For each metric, the bolded value indicates the best performing classifier.

Ablation experiment

To analyze the contribution of each part of our model, we cumulatively removed components and evaluated the total performance on 3 test sets in Table 3. The w/o multichannel (random) method utilized randomly initialized word embedding. The w/o multichannel (Wikipedia and PubMed) method utilized 1-channel pretrained word embedding, and its F1-score is 0.0874 higher on average than the w/o multichannel (random) model. Compared with the 1-channel model, the PACNN+RL model improved the overall F1-scores by 0.0708 on average. The filter attention mechanism is removed from the w/o filter attention method and a simple combination of the feature vectors through different filters is used, resulting in a sharp drop on performance. The preprocessing step can reduce the potentially misleading examples and improve the F1-scores by 0.0584 on average. Another aspect to note is that w/o RL behaves worse than the proposed model, which proves the effectiveness of the RL agent. In conclusion, the multichannel architecture can improve the performance of PACNN+RL by a large margin. In addition, model performance can be further improved by the filter attention, preprocessing, and RL.

Table 3.

Performances of model with and without different components

Method may-prevent
may-treat
DDI corpus, 2011
Precision Recall F1 score Precision Recall F1 score Precision Recall F1 score
Without multichannel (random) 0.3571 0.3623 0.3597 0.4960 0.7310 0.5910 0.3534 0.1245 0.1841
Without multichannel (Wikipedia and PubMed) 0.3991 0.6304 0.4888 0.4945 0.7953 0.6099 0.2241 0.4464 0.2984
Without filter attention 0.4055 0.6376 0.4957 0.4937 0.9122 0.6407 0.2552 0.6371 a 0.3644
Without preprocessing 0.4142 0.7985 0.5455 0.4842 0.9768 a 0.6475 0.1522 0.5828 0.2414
Without RL 0.4182 a 0.7970 0.5486 0.4954 0.9473 0.6506 0.3434 0.4053 0.3718
PACNN+RL (Ours) 0.4155 0.8550 a 0.5592 a 0.6666 a 0.6666 0.6666 a 0.7320 a 0.2601 0.3838 a

DDI: drug-drug interaction; PACNN+RL: piecewise attentive convolutional neural network and reinforcement learning; RL: reinforcement learning.

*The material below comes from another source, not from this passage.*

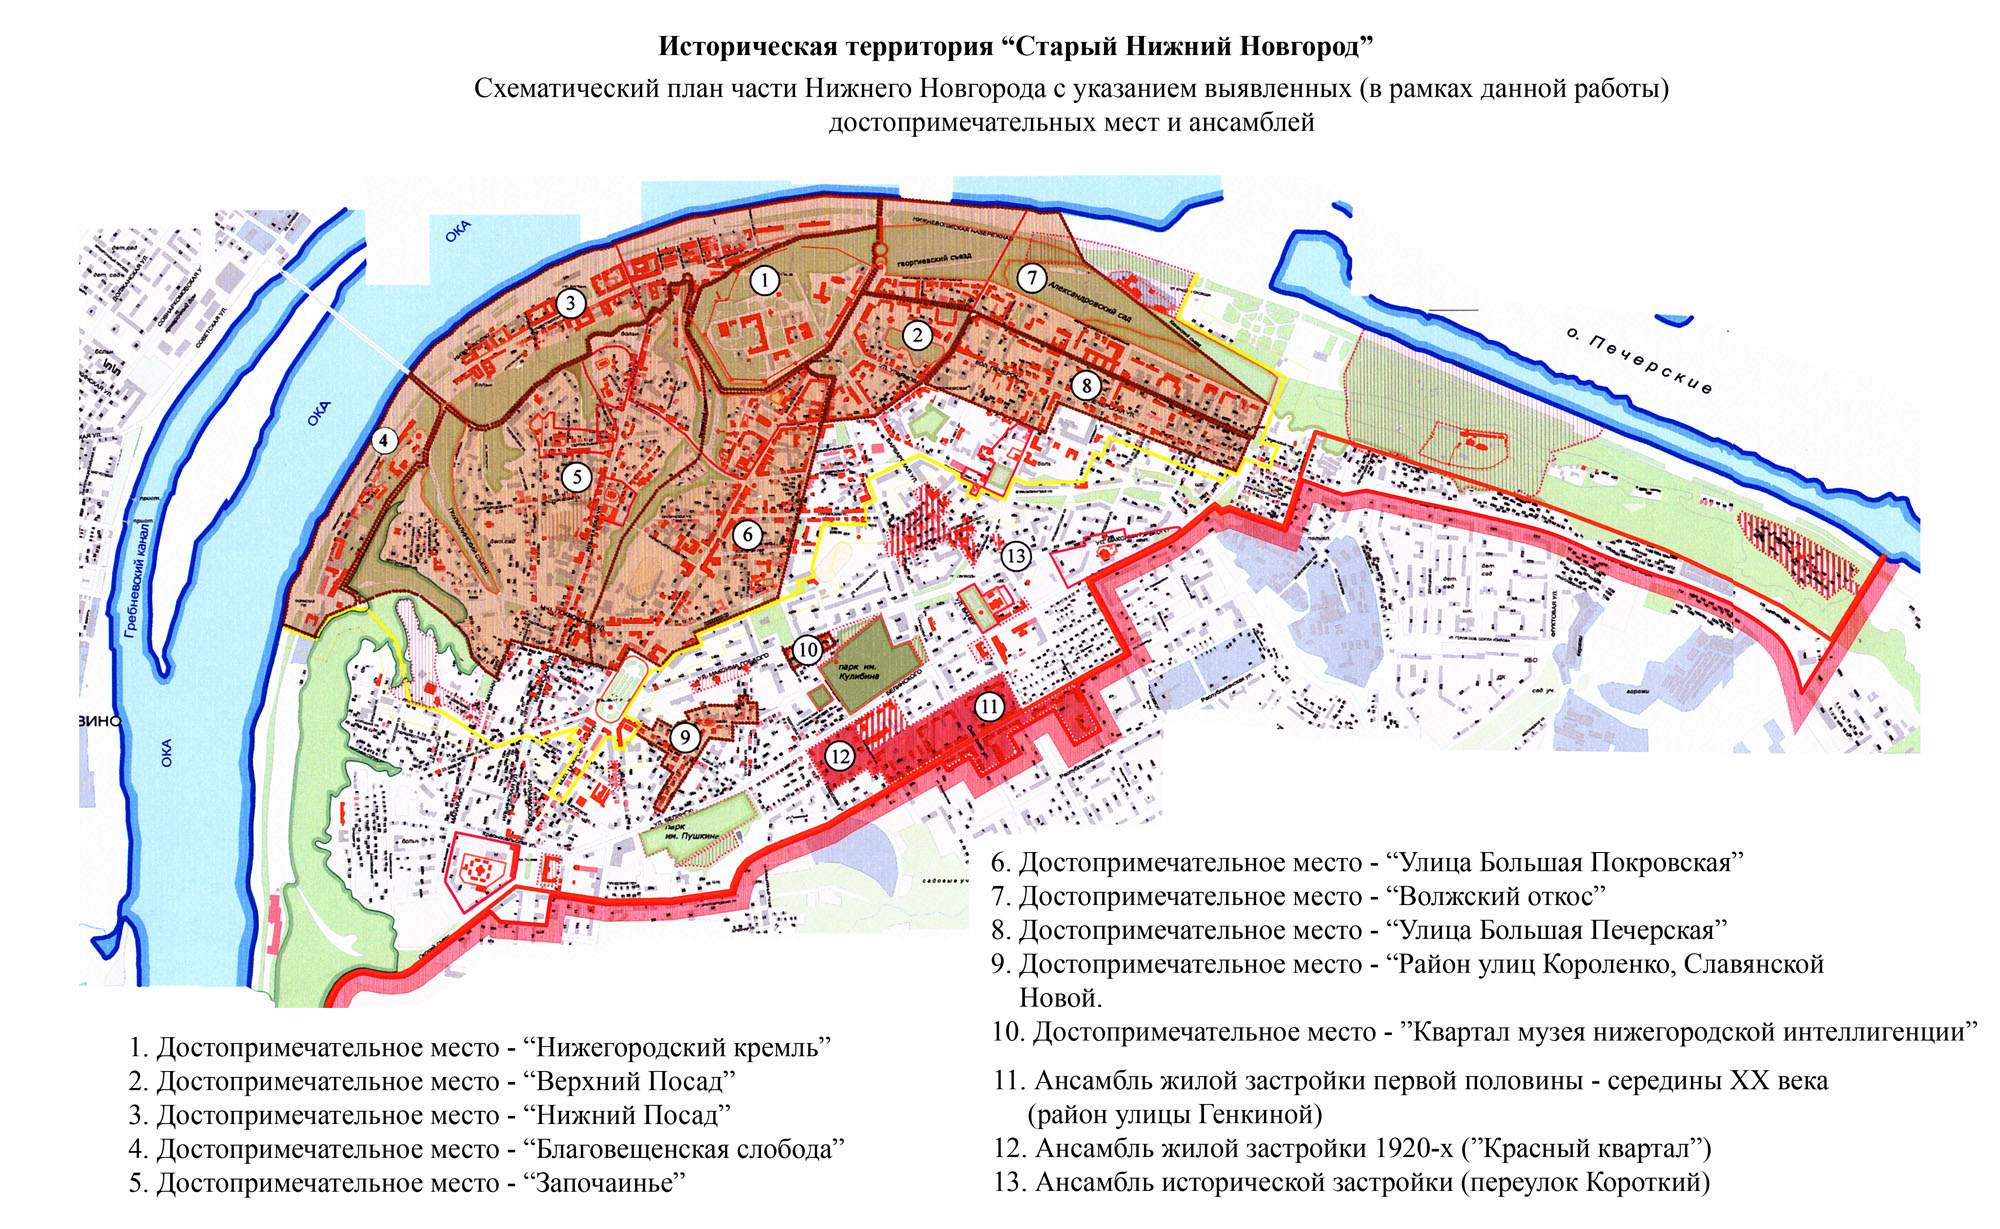 Карта "Историческая территория "Старый Нижний Новгород"

aFor each metric, the bolded value indicates the best performing classifier.

The impact of the RL denoising module

To illustrate the effectiveness of the RL denoising module, we listed 1 newly generated negative bag that comprises single/multiple sentence(s) for each task in Table 4. We can infer from Table 4 that the entity pair DRUG(“vorapaxar”)-DISEASE(“stroke”) is found to have relationship may-prevent in UMLS. Therefore, the right 2 sentences are labeled as positive instances. However, neither of these sentences expressed the may-prevent relation. In addition, patients with a history of DISEASE(“stroke”) should not take the DRUG(“vorapaxar”) under certain circumstances. It clearly indicates that our model can select FP instances from positive bags, which further improves the accuracy of a relation classifier. These cases intuitively illustrate the ability of our model to denoise distantly generated labels.

Table 4.

Examples of contrastive negative bags generated by RL agent; the target entities are in italic

Relation False positive sentences
may-prevent (i) In this study, vorapaxar was discontinued in patients with a history of stroke due to excessive risk for intracranial hemorrhage after 2 years of therapy.
(ii) Vorapaxar should not be used in patients with a history of stroke, transient ischemic attack, intracranial hemorrhage, or active pathological bleeding.
may-treat (i) L-5418 may prove useful for grand mal epilepsy as it is less toxic than diphenylhydantoin and carbamazepine.
DDI (i) One group of 33 patients was treated with 150 mg amitriptyline a day (the AMI group); 25 other patients received a daily dose of thioridazine, either 200 mg (200-THD group; n = 7) or 400 mg (400-THD group; n = 18).
PPI (i) High articular levels of the angiogenetic factors VEGF and VEGF-receptor 2 as tissue healing biomarkers after single bundle anterior cruciate ligament reconstruction.
(ii) Immunostaining was used to monitor VEGF treatment by examining VEGF and VEGF-receptor 2 expression.

DDI: drug-drug interaction; PPI: protein-protein interaction; RL: reinforcement learning.

Then, we analyzed the outputs of RL from different aspects in Figure 2 and Supplementary Appendix C. Specifically, the line charts in Figure 2 display the newly built FP bag size distribution of different relations. The x-axis represents the instance number per bag and y-axis represents the number of corresponding bags. As can be seen from the line charts, with the bag size increases, the corresponding number shows a downward trend.

Figure 2.

Figure 2.

The predictive results of reinforcement learning with different relations. (A-D) Each panel represents different relations. The line chart and the pie chart describe 2 aspects of the results, respectively. DDI: drug-drug interaction; PPI: protein-protein interaction.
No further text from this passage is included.